(MATERIALS PROVIDED Opens)
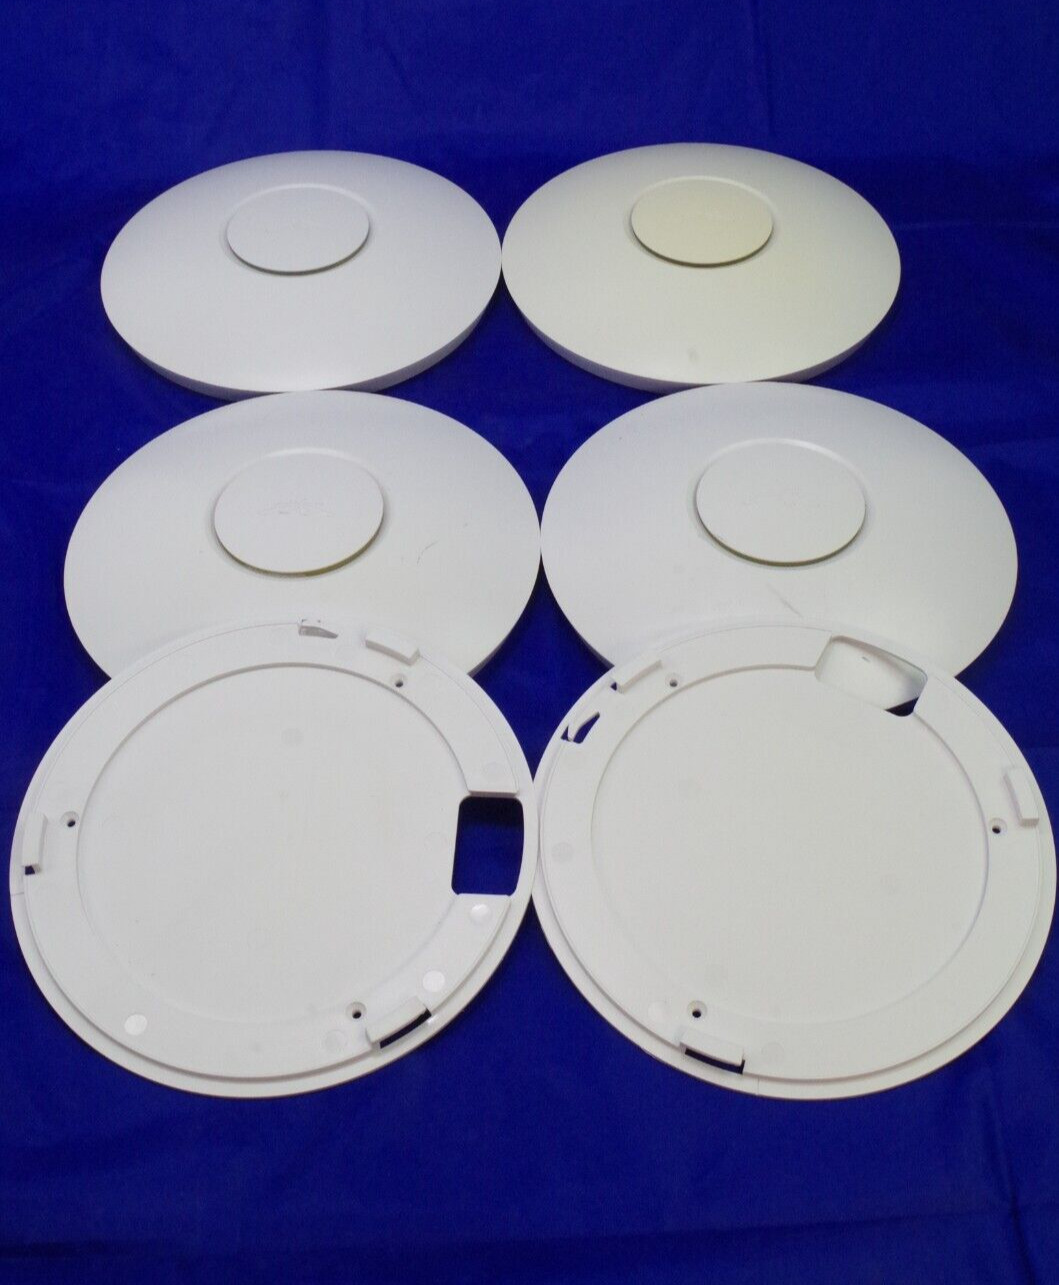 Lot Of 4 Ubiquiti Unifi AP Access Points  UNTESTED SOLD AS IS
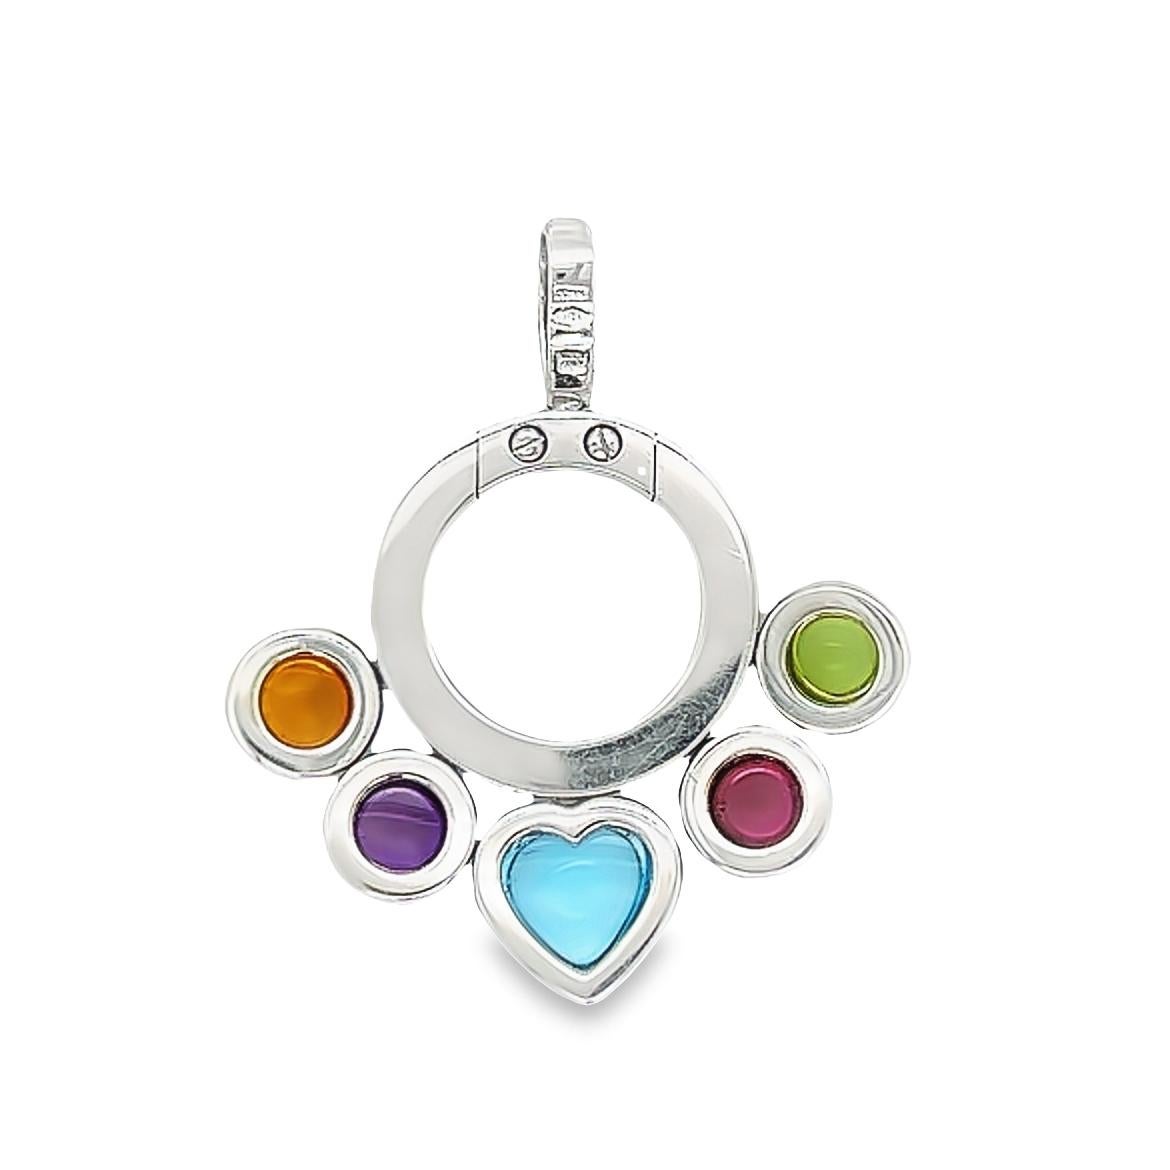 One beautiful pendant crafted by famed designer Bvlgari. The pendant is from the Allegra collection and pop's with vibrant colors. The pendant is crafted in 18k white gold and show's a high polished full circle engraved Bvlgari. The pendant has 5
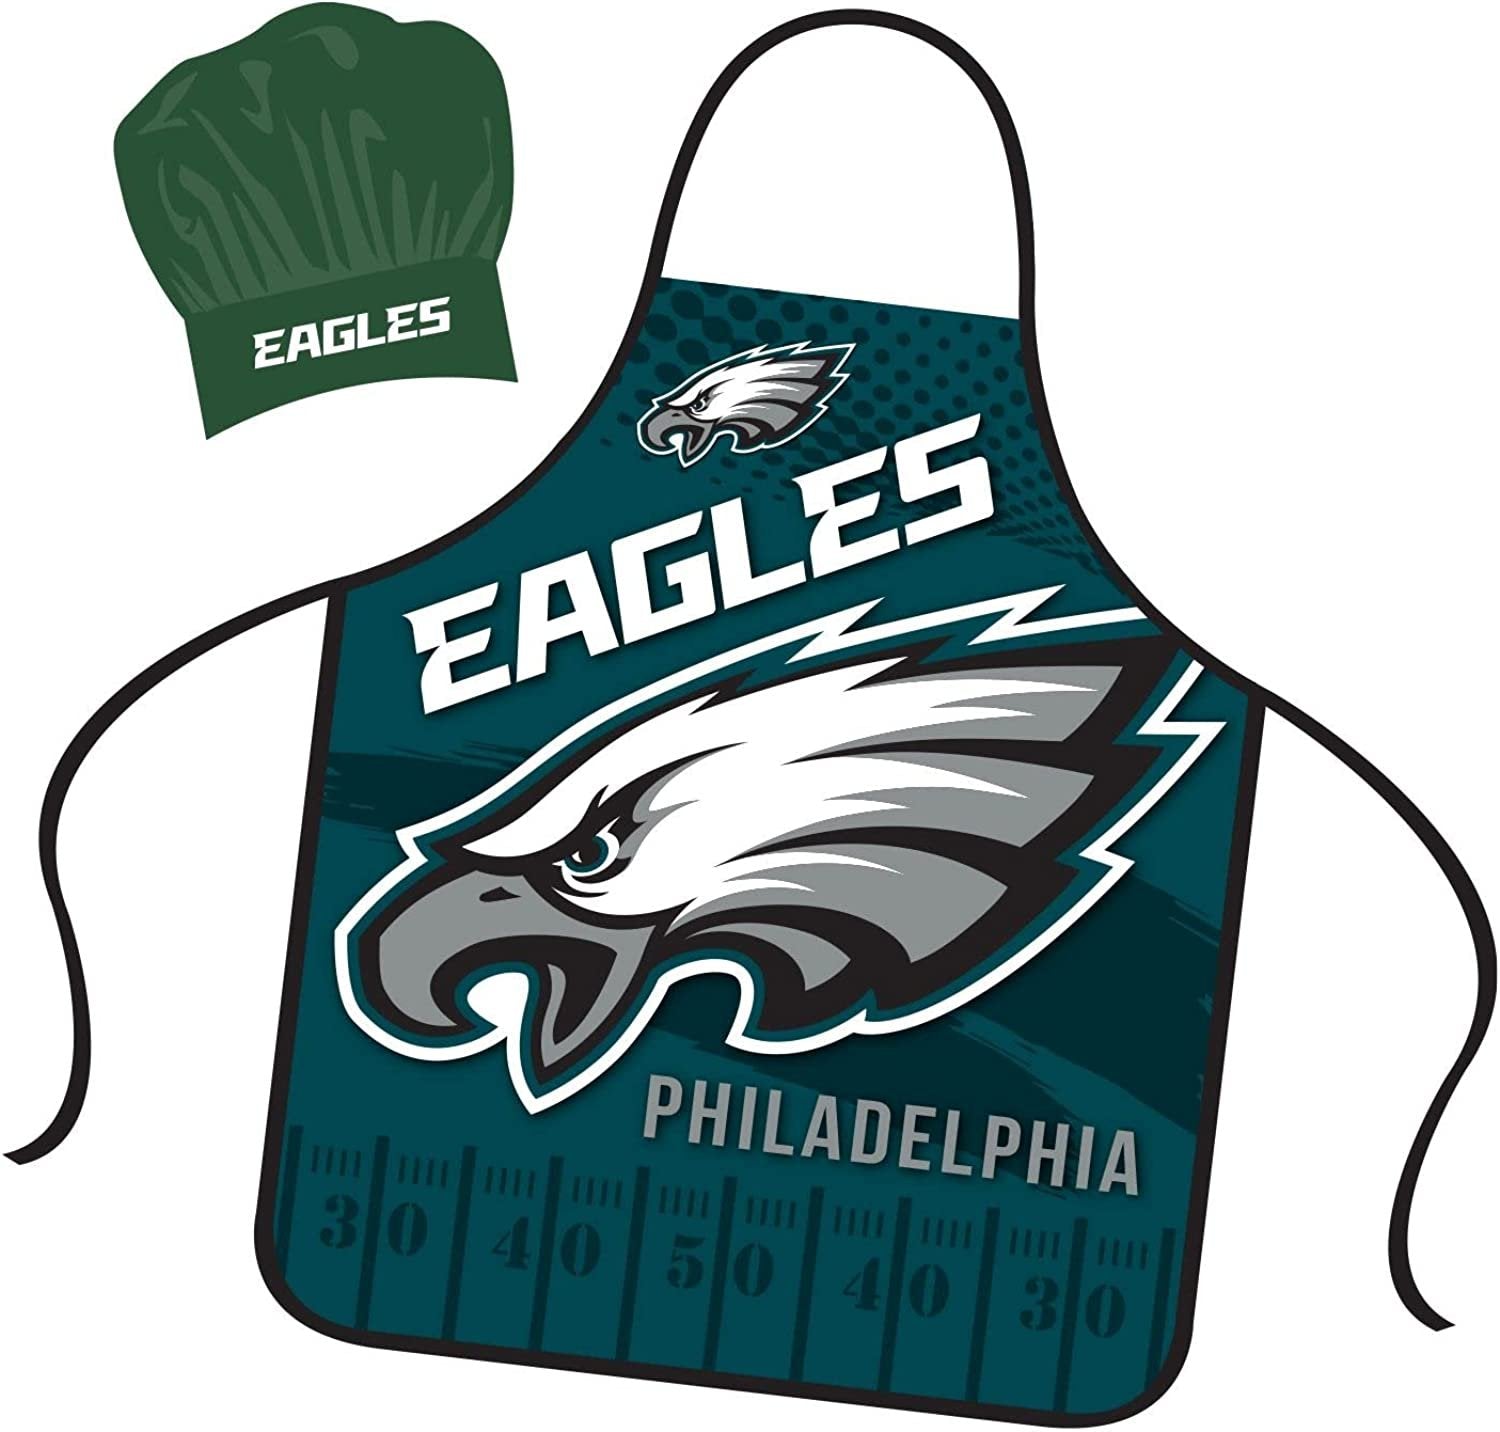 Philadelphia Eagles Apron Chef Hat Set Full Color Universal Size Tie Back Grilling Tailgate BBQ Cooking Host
(MATERIALS PROVIDED Closes)
(MATERIALS PROVIDED Opens)
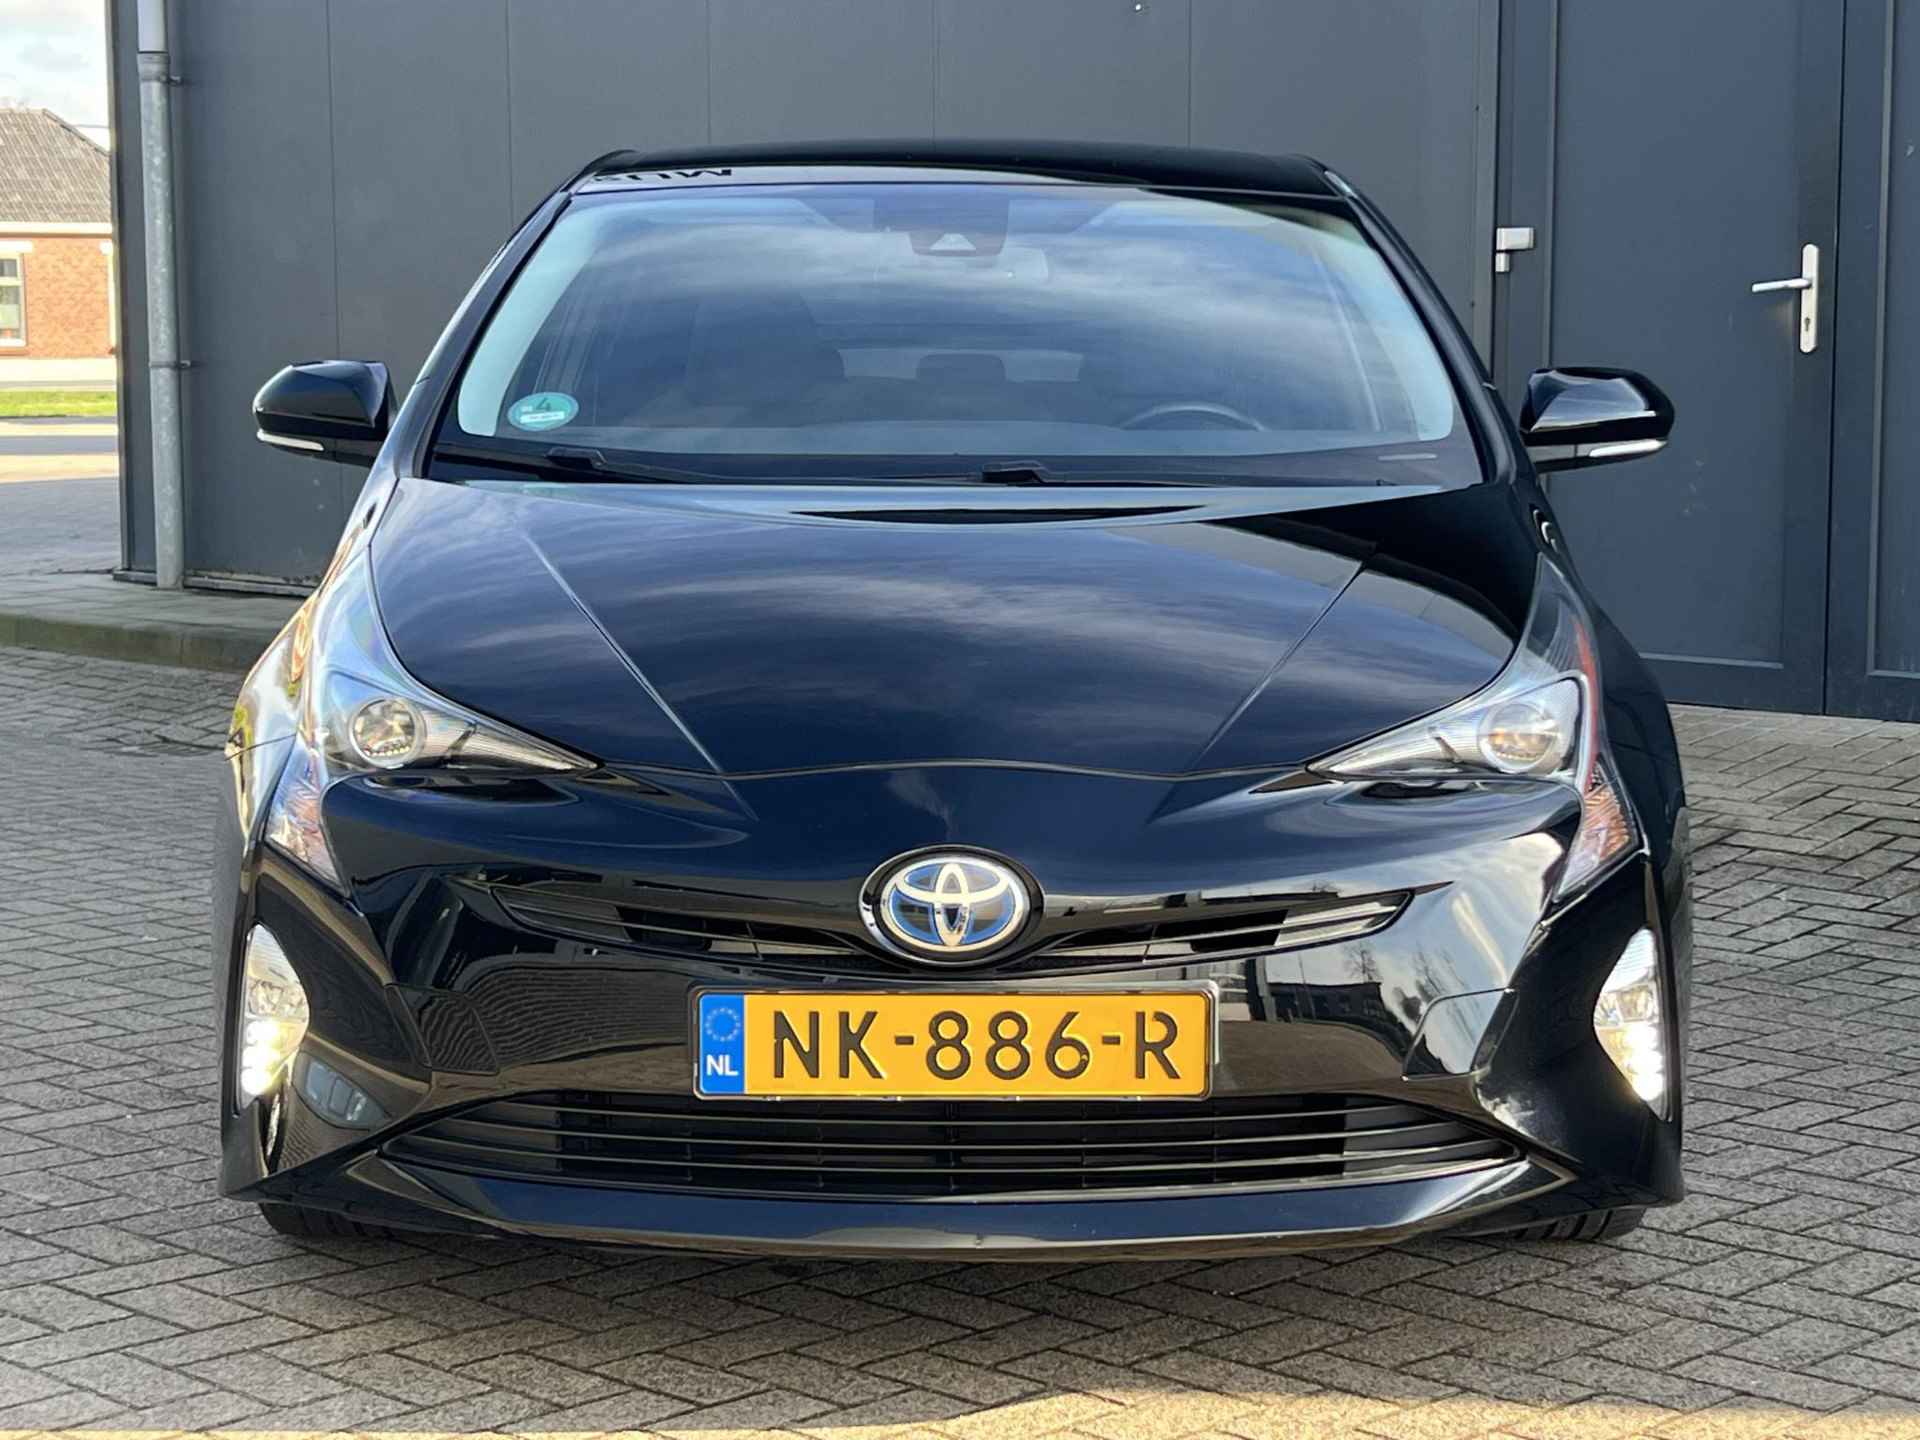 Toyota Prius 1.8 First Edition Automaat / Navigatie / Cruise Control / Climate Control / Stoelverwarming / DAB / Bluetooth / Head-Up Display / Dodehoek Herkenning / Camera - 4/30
(MATERIALS PROVIDED Closes)
(MATERIALS PROVIDED Opens)
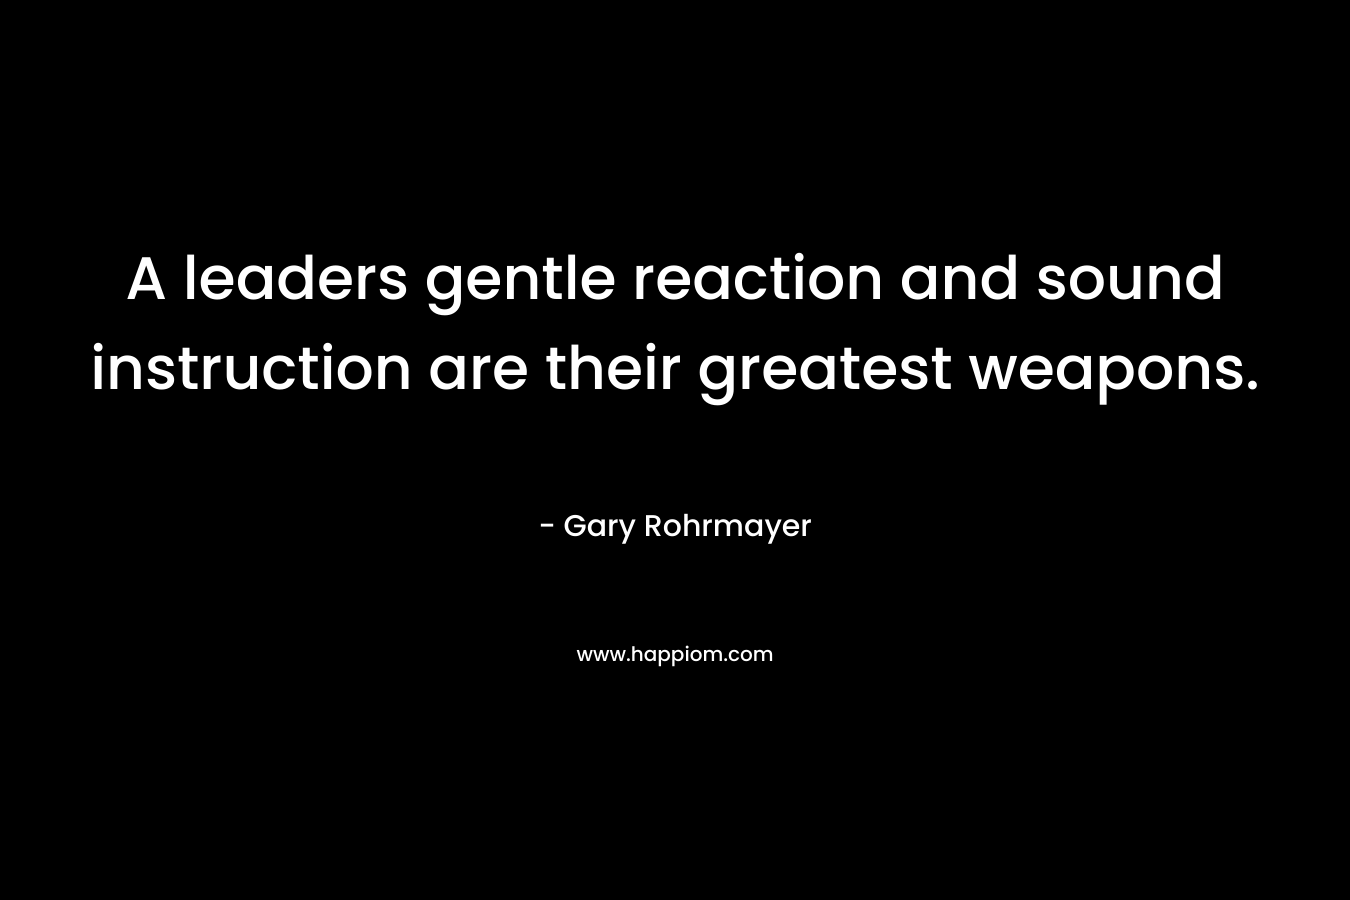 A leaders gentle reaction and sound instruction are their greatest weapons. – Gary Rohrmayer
(MATERIALS PROVIDED Closes)
### EXERCISE
In the records above, everything from the line with "Lot Of 4 Ubiquiti" down to the line with "Philadelphia Eagles Apron" must be duplicated exactly, both lines kept. Leave no pictures in.

### ANSWER SPACE
 Lot Of 4 Ubiquiti Unifi AP Access Points  UNTESTED SOLD AS IS
 One beautiful pendant crafted by famed designer Bvlgari. The pendant is from the Allegra collection and pop's with vibrant colors. The pendant is crafted in 18k white gold and show's a high polished full circle engraved Bvlgari. The pendant has 5
 Philadelphia Eagles Apron Chef Hat Set Full Color Universal Size Tie Back Grilling Tailgate BBQ Cooking Host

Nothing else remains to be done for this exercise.